• What is required: In this exercise, return the whole listing exactly, excluding any images.

• Recorded information:
== Segment start ==
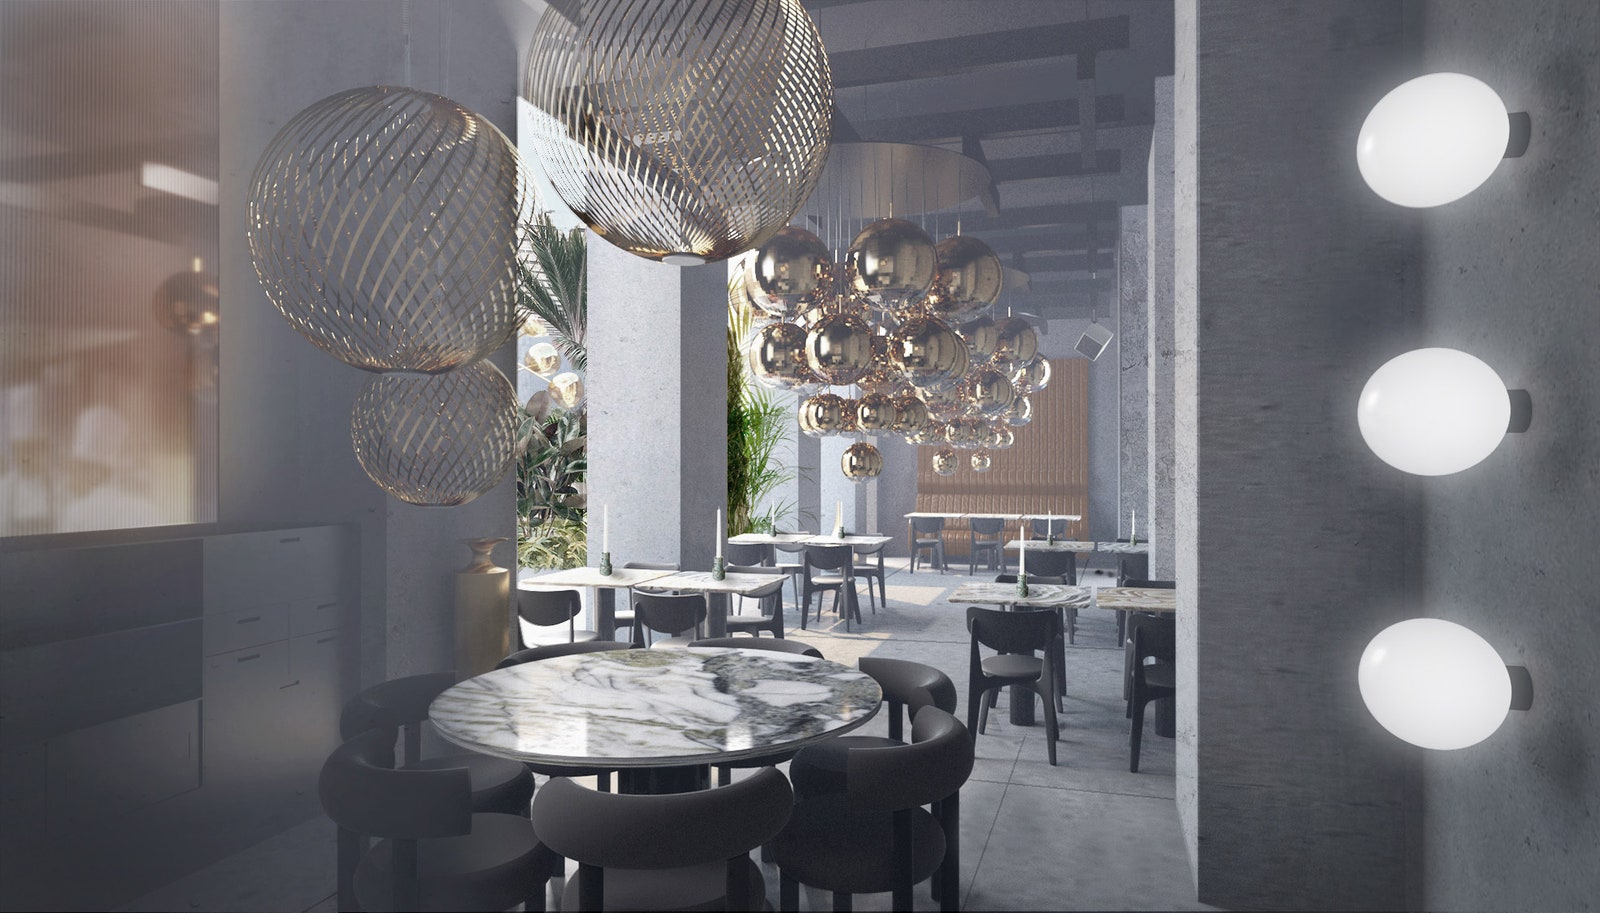 Дизайнпроект ресторана The Manzoni от Тома Диксона к Миланской неделе дизайна
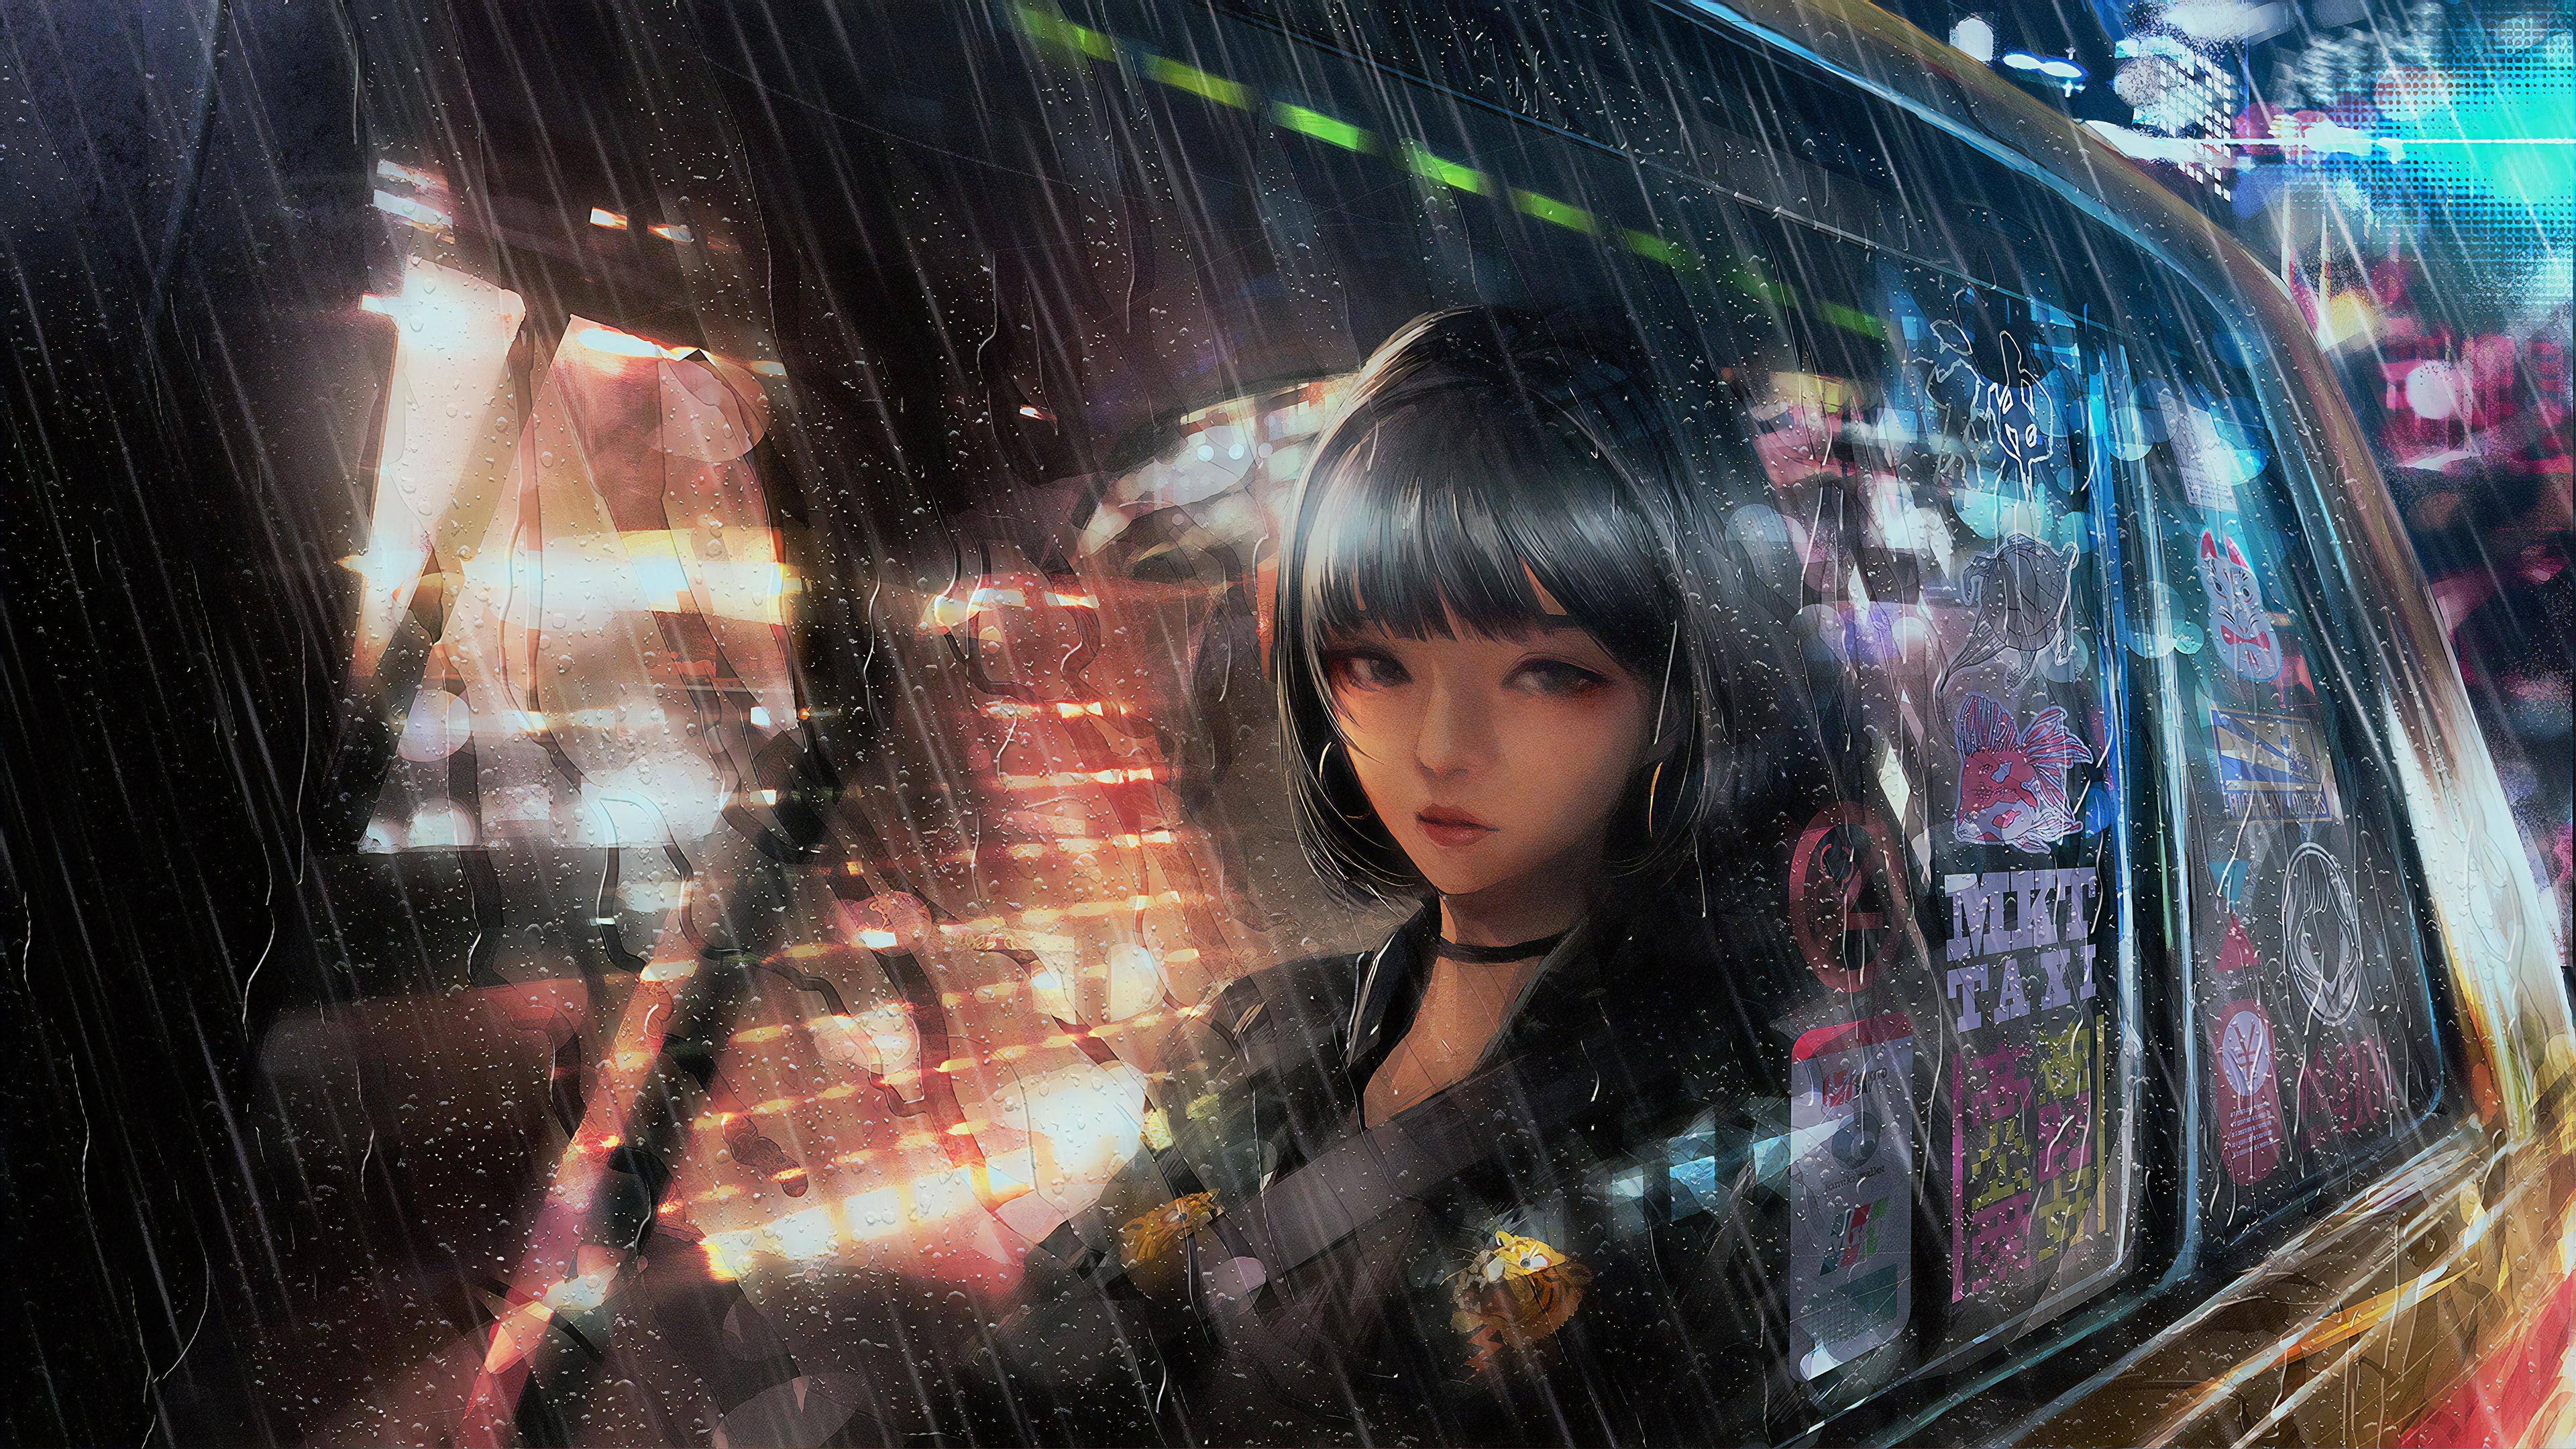 Wallpaper 4k Anime Girl In Taxi Raining 4k Wallpaper, Alone
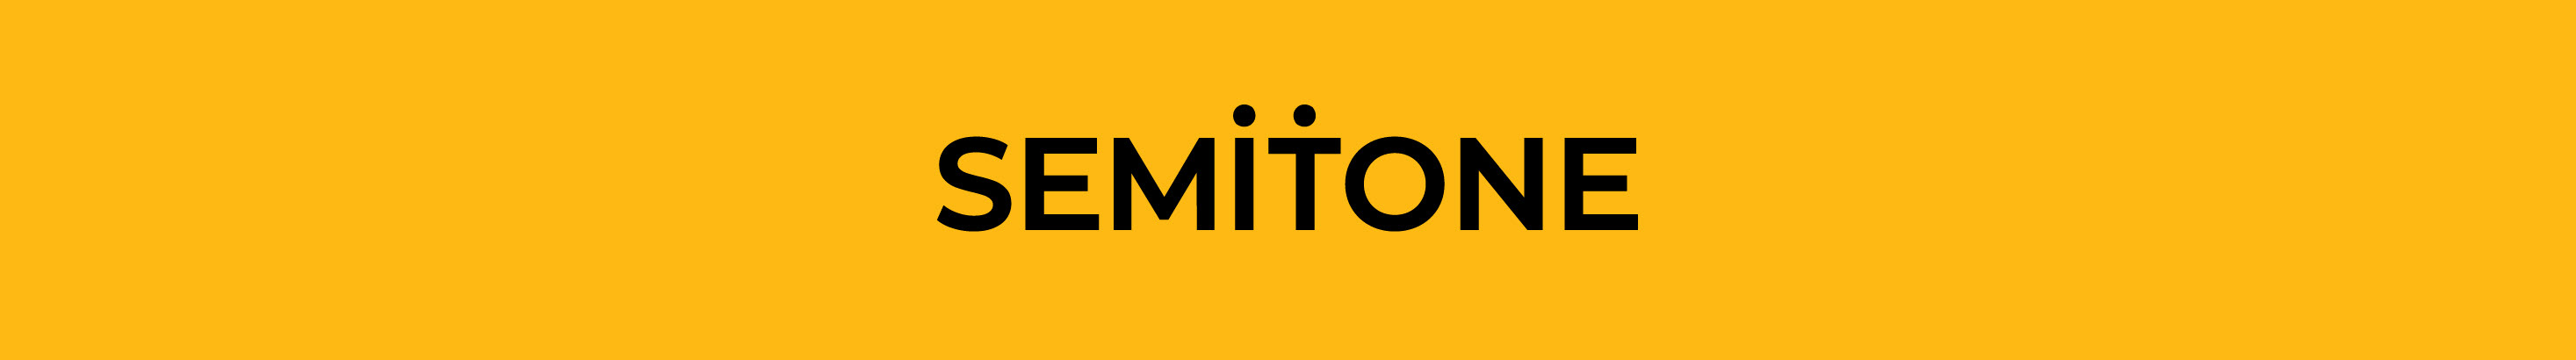 SEMITONE Design Studio's profile banner
== Segment end ==
• Answer for the task:
 Дизайнпроект ресторана The Manzoni от Тома Диксона к Миланской неделе дизайна
 Wallpaper 4k Anime Girl In Taxi Raining 4k Wallpaper, Alone
 SEMITONE Design Studio's profile banner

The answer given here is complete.